Abdisamad explained that Godane is a supporter of
global jihad who believes that Somalia belongs to all Muslims across the
world. “(Godane’s) global jihadist faction has an agenda beyond Somalia
and wants to spread Islam from China to Chile, from Cape Town to
Canada,” Prof Abdisamad said.
Another member of the group who was aligned to the
nationalist-minded faction to which Jama belonged, Sheikh Hassan Dahir
Aweys, escaped from Al-Shabaab’s largest remaining base in Barawe, which
is located some 180 km south of Mogadishu.
He surrendered to the Somali government following
the murder of Jama and Burhan. According to Prof Abdisamad, Aweys and
his faction are considered to be less extremist as their intention is to
establish an Islamic state within Somalia borders and not bother
neighbouring countries.
“The religious nationalism faction is against
globalising the conflict in Somalia, indiscriminate assassinations and
the killing of clerics, scholars and everyone who seem to have not
favoured the militants. For years they campaigned to replace Godane,
which they failed (to do),” Prof Abdisamad said.

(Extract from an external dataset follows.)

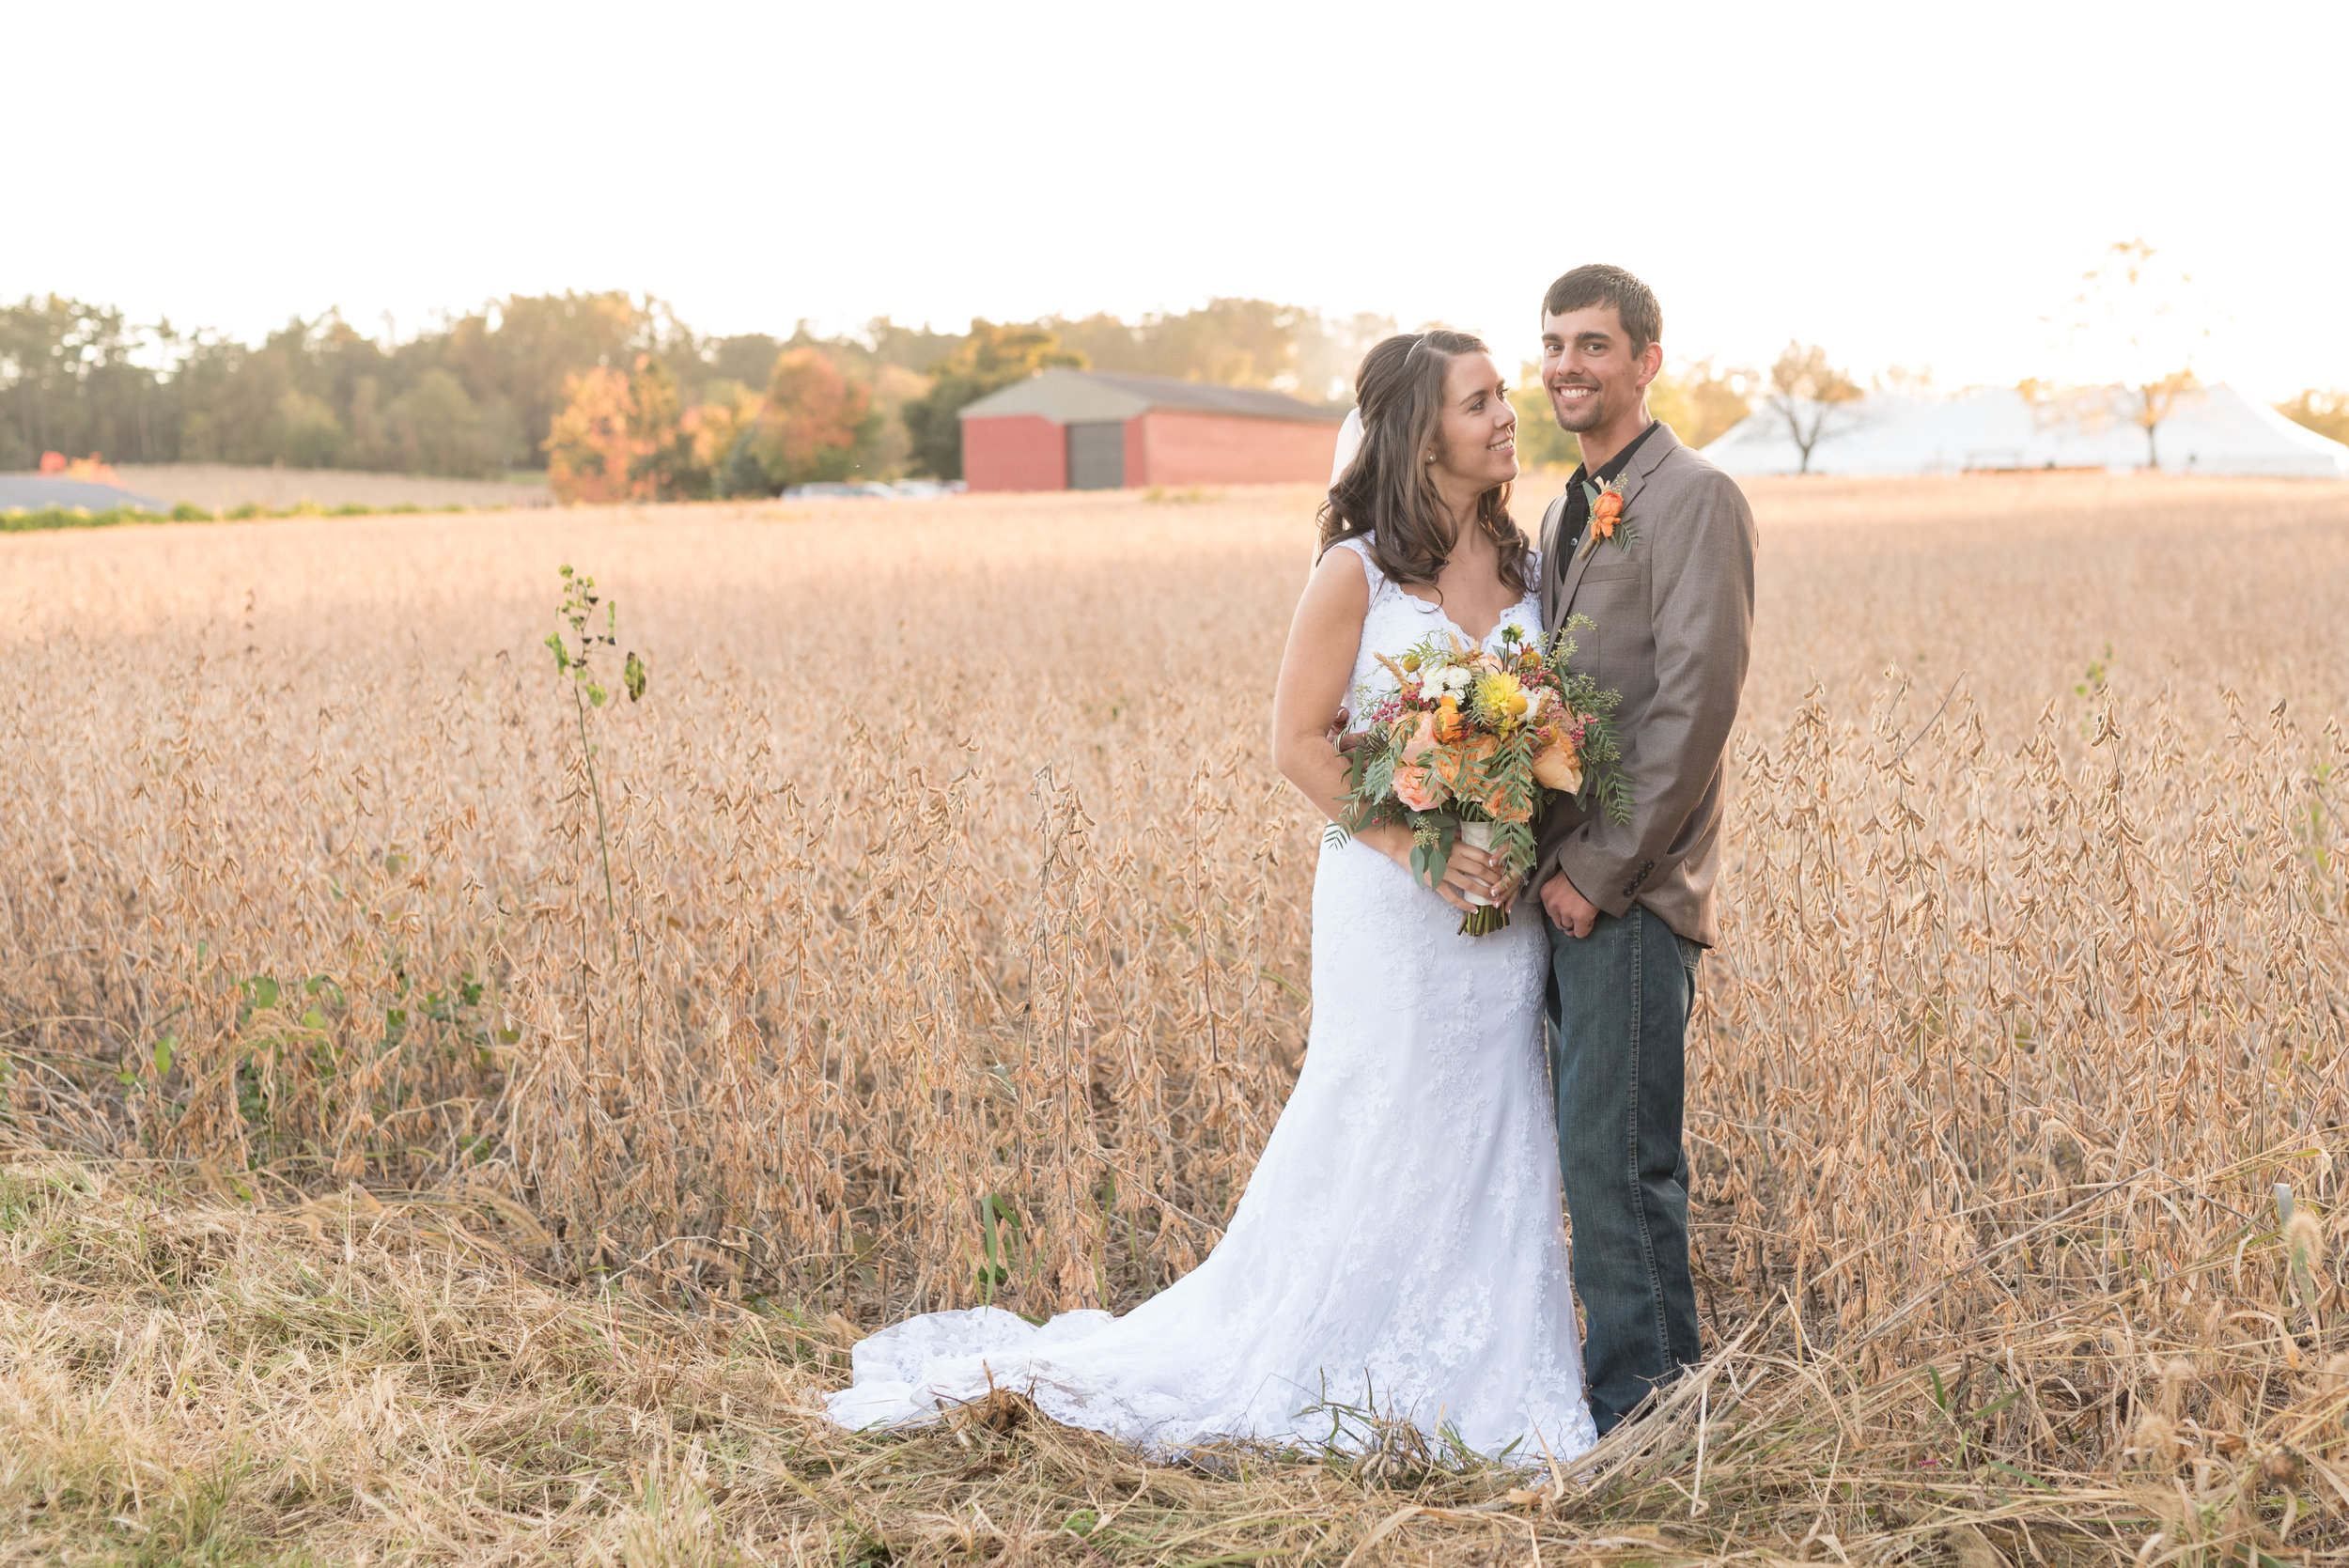 lancaster-county-wedding-details-wedding-photography-photos

The group’s internal division is believed to have
contributed to their loss of strategic towns in southern and central
Somalia, including part of the capital, Mogadishu.
The Bakara market in the capital city was their
main source of funding as the group used to generate millions of dollars
from there through taxation and by extortions from telecommunication
companies and the business community at large. Al-Shabaab was ousted
from Mogadishu in 2011 by Somali forces and African Union Mission in
Somalia (Amisom) troops.
Amisom
Exactly a year later, the group lost its last
remaining and greatest revenue source – the stronghold of Kismayo, a
port city in southern Somalia.
According to a United Nations report, Al-Shabaab
used to generate between 35 to 50 million dollars annually from the
southern seaports of Kismayo and Marko. Both ports are now under the
control of Somali forces and Amisom troops.

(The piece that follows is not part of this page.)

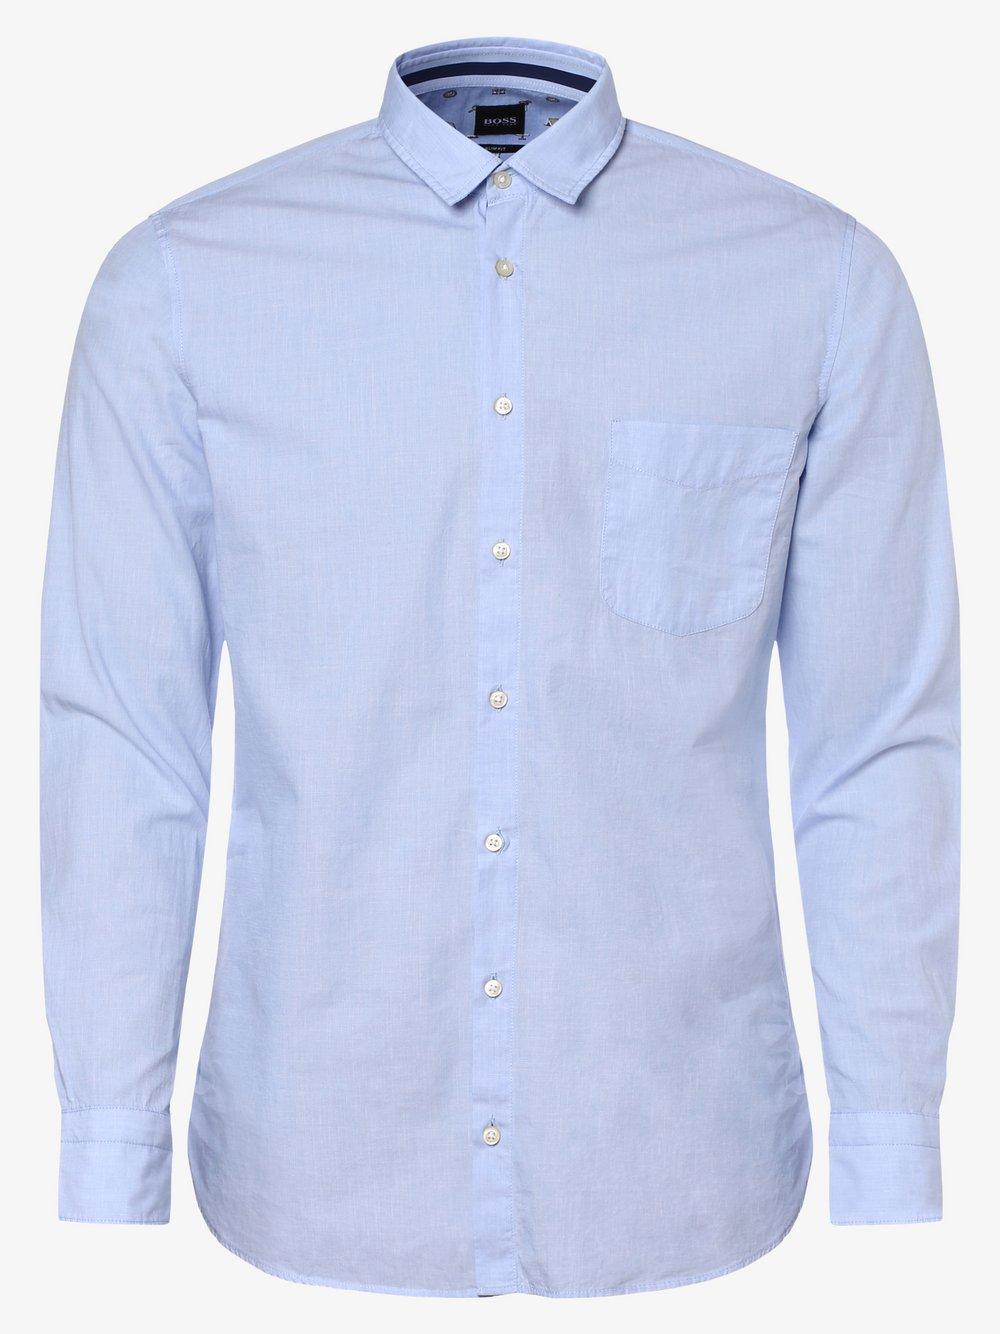 BOSS Casual - Koszula męska – Magneton_1, niebieski

“Such a loss of economic sources and internal
divisions have led hundreds of Al-Shabaab fighters to defect to the
government,” Somali journalist, Mohamed Abdi, told IPS. The group, he
said, failed to keep paying their fighters regularly “as they used to
do” before the financial constraints emerged.
Abdi said that the financial constraints and the
open rift within the group’s leadership have largely demolished the
morale, loyalty and capability of the group’s foot soldiers. It has lead
to hundreds of them deserting to the government or fleeing the
organisation and going into hiding in Somalia or in neighbouring
countries.
But Abdisamad Moalim Mohamud, Somalia’s former
minister for the interior and national security and a current member of
parliament, told IPS that the group remains a threat not only to
Somalia, but also to regional and global security.
“They have lost more of their foot soldiers and
can’t counter Somali and Amisom forces directly any more. But they are
more capable of conducting effective guerrilla-style warfare such as
suicide attacks and storming places like Westgate Mall in Nairobi and
the UN compound in Mogadishu,” Mohamud said by phone from Mogadishu.
He said that regional intelligence sharing and
developing joint monitoring platforms and common anti-terror strategies
within regional governments could be used to prevent such a threat. But
he disagreed that their internal division had something to do with
nationalism.
“Their rift has a lot to do with the leadership
change of Al-Qaeda than local politics and it is more about pursuing
hegemony over the command and control of the group,” Mohamud said.